The Action of Balance

What does balance look like when we’re wobbling on the front padding of our foot on a beam 100 feet up in the air?

First off, doing it alone is not how. Rule one: You need others. One is ok, two is supreme, and anything more is cowabunga. They hold your life rafts, the Wicked Witch’s mirror that’s lifted when you’re not so pretty. In October, gravity’s pull had my knees knocking like a freshly born giraffe, and it was my friend who said, “Jaclynn, this doesn’t sound like you.” A gentle hand to my shoulders, directing me back to myself.

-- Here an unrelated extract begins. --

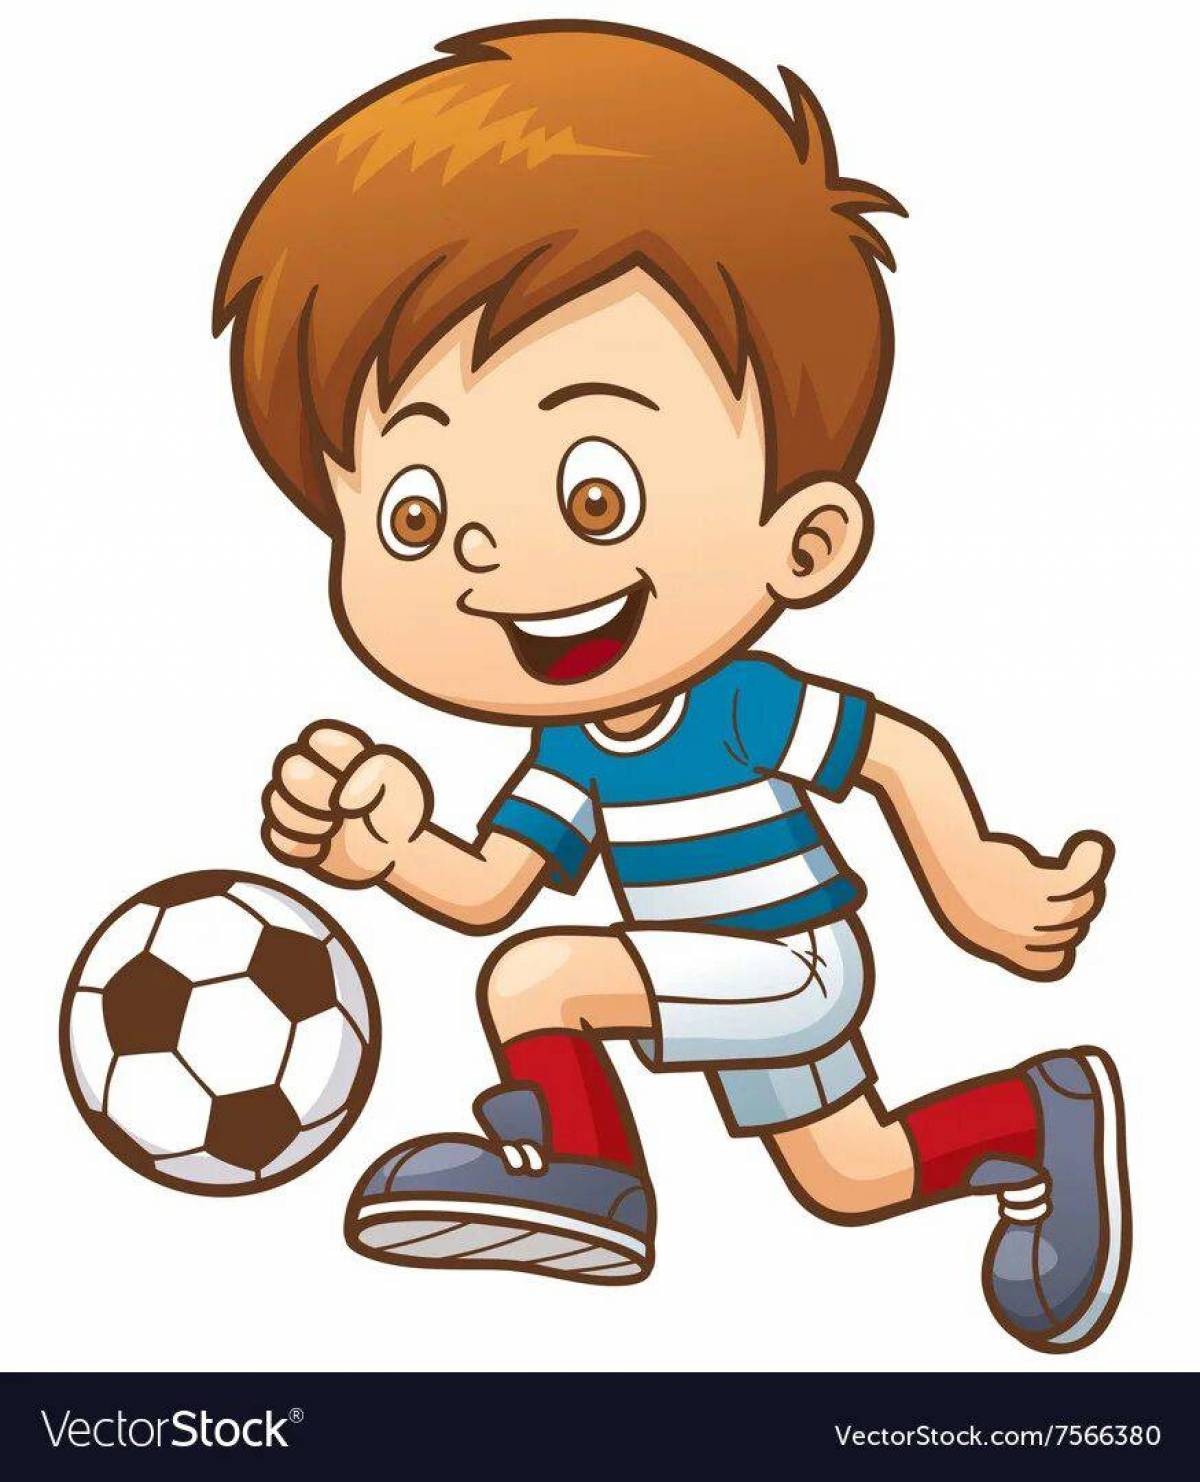 Футболист мальчик #34

Second: when the wild winds blow and the storms rage like an unshackled beast, we need tethers. The actions taken daily—your routine, habits, disciplines. Watering the plants. Washing your face. Reading. Cooking. Nestling your nose into your pup’s and kitty’s snoot. It’s in them that we find ourselves. “This is what I do,” you’ll feel in the action, in that foothold, and no matter the wind’s strength, the tether is there.

But balance is not just the doing. It is also the limits we draw. To push ourselves when progress is already being made is pointless. Take frequent pauses, for spaces, and for the chapter breaks. Your heart and your soul need them—in the releasing of all the things we carry, that we return home, and home soothes.

Still, I notice the sneakier side trips, the ones called rabbit holes, existential crises, where insecurities and pits of despair come suck on our toes. Do I matter? Am I enough? These beliefs echo through the cavernous void.

Relevance. I fear the loss of it. My daughter’s hands that grapple with her hair to set a scrunchie in place—that was my job. The shift of the wind from new to old—will you still love me? That fear echoes like the bowed leg of the cricket, gentle and sweet, an invitation if I allow it.

The quickness of our burn, from spark to dark, I fear our connection lasts only the fleeting flit of the lightning bug’s night.

And this is where I come in. I still my panic with a return to myself. To my breath. Watching the dragonflies dance on the breeze like bumper cars, redirecting again and again.

It’s here I remind myself of my strength, my consistency, my values, of what I’ve built and am still building. There is work to do, and I want the bandwidth to be able to make its draw.

Balance is the how. How we feed the beast, the beast in us that relentlessly pushes and will never stop.